Los camellos avanzaron rápidamente entre la arena.
Las primeras columnas de langosta aparecían ya, manteniéndose a cincuenta o sesenta metros del suelo.
Iban tan agrupadas, que interceptábanlos rayos del sol, y causaban con las alas un rumor extraño que semejaba el ruido producido por un salto de agua.
—¡Qué enormidad! —exclamó Rocco mirando con estupor aquellos inmensos enjambres de insectos alados, que parecían no tener fin—, ¡y no poder destruir esta plaga!
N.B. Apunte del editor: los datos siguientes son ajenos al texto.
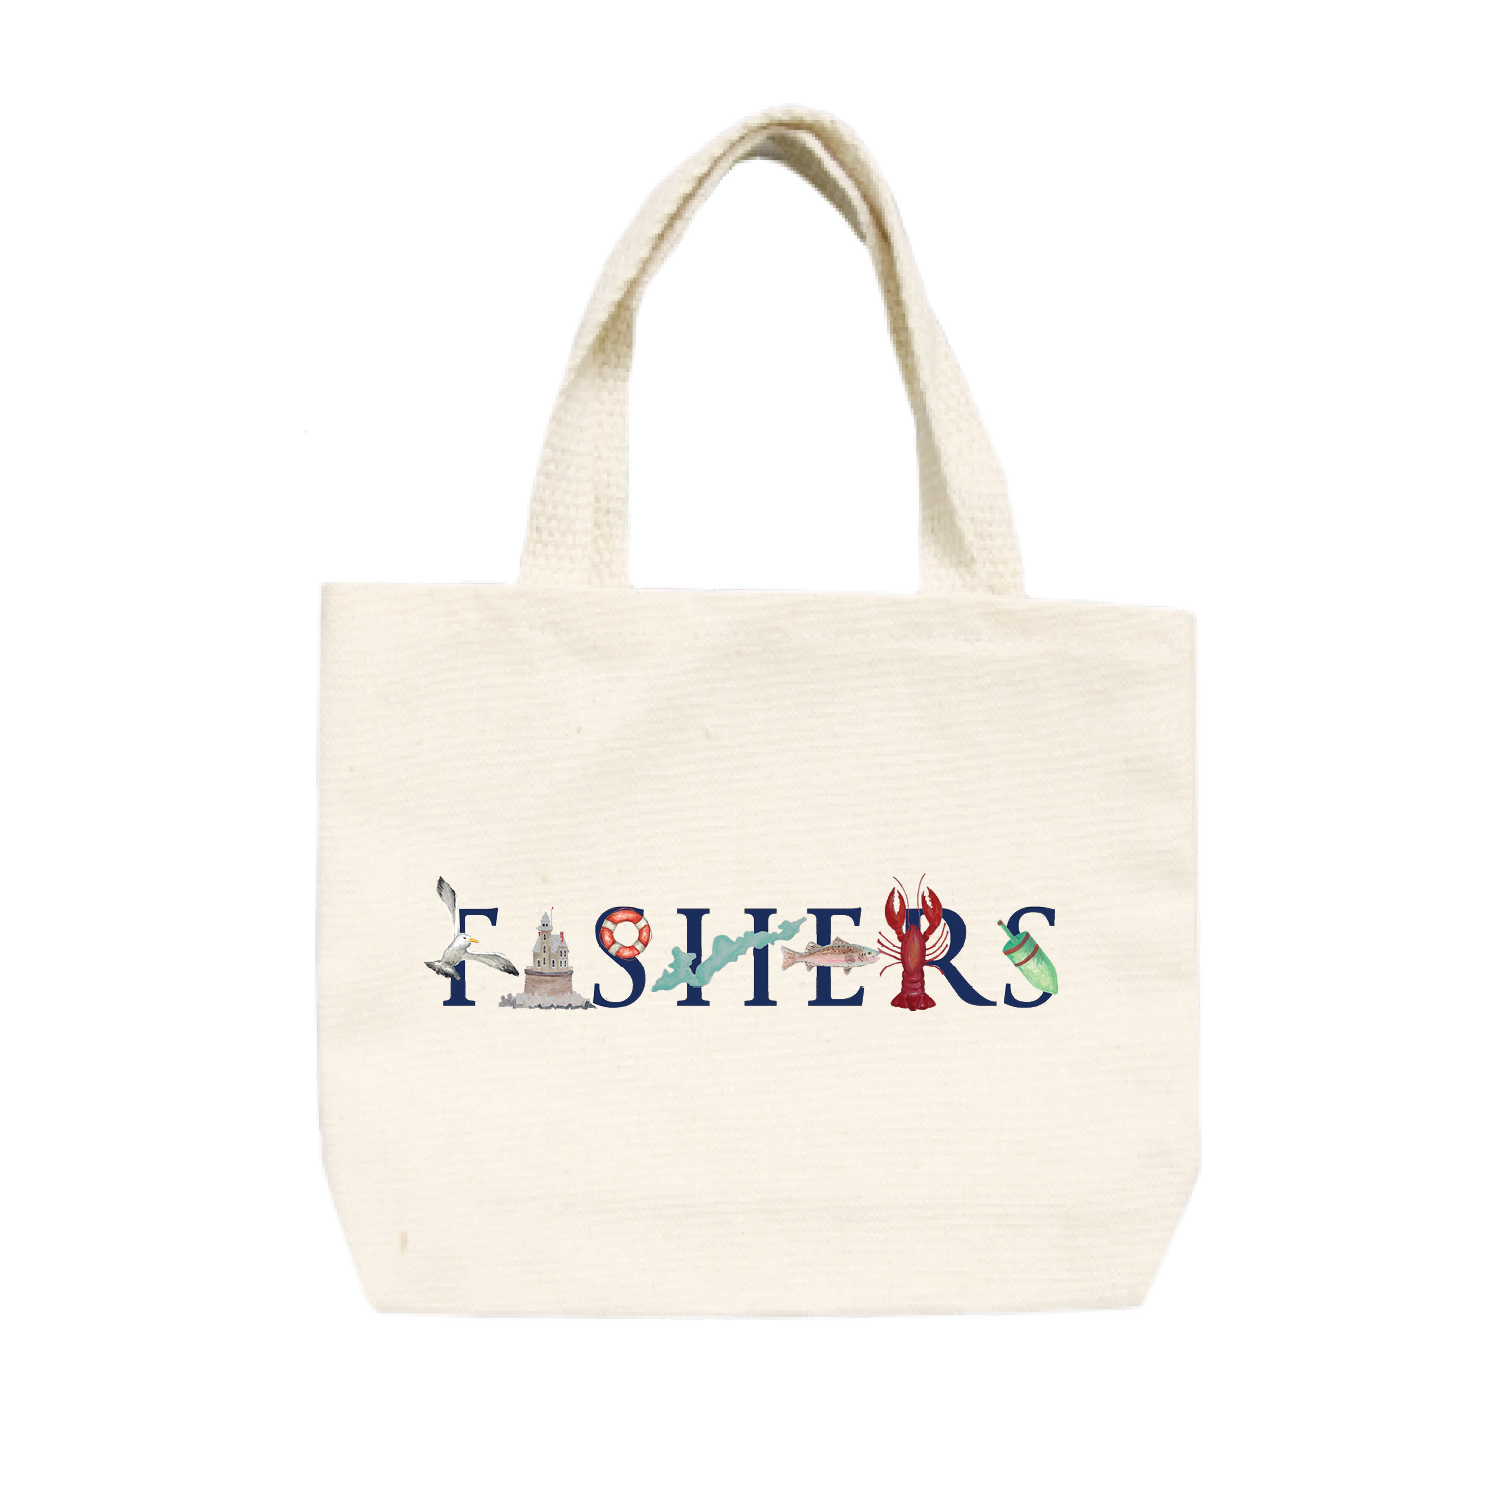 Fishers small tote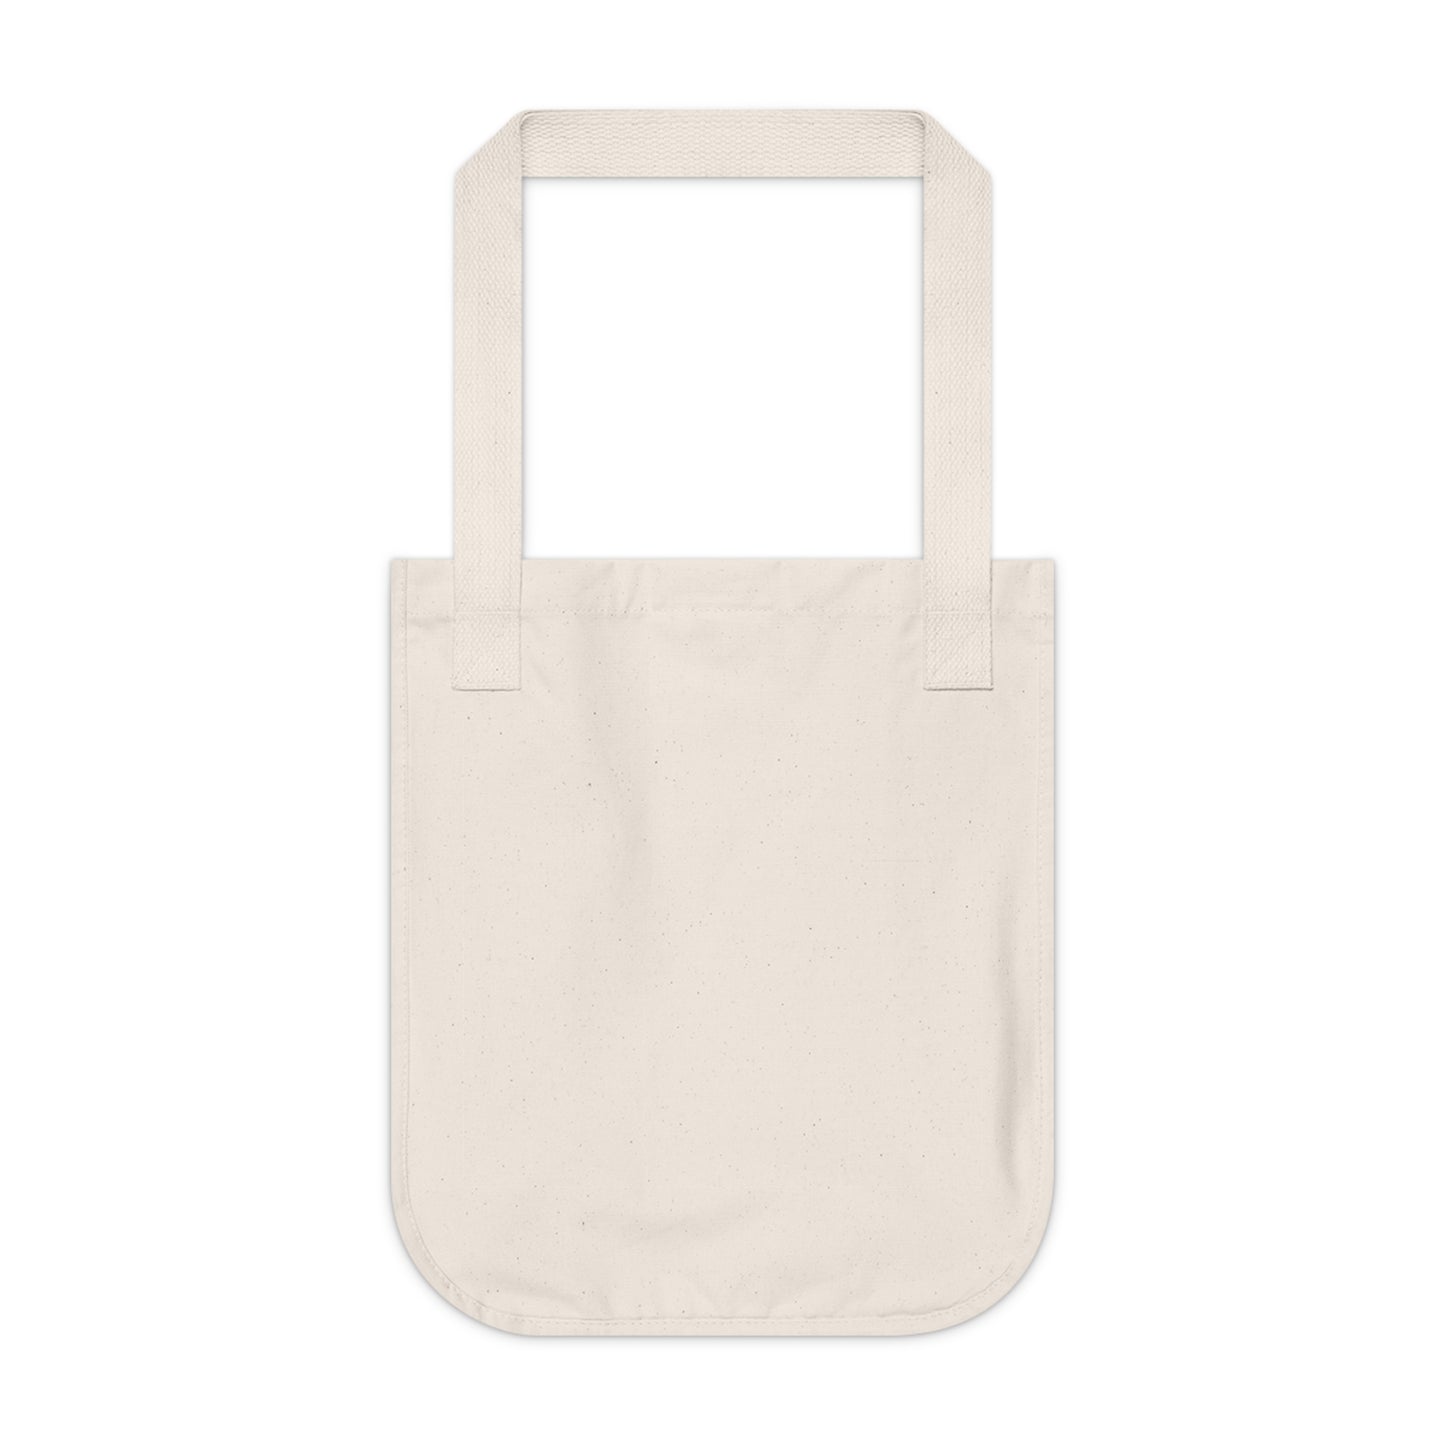 "Surprising Beauty: An Unexpected Artpiece" - Bam Boo! Lifestyle Eco-friendly Tote Bag

—No nos detengamos, si hemos de llegar a tiempo para incorporarnos a la caravana de Beramet —replicó el marqués.
—¡Saludemos al desierto! —dijo Ben.
Pocos minutos después hombres y camellos atravesaban las ardientes arenas del Sahara, mientras los batallones de langostas continuaban volando en filas nutridas, produciendo una rápida corriente de agua y un estrépito incesante.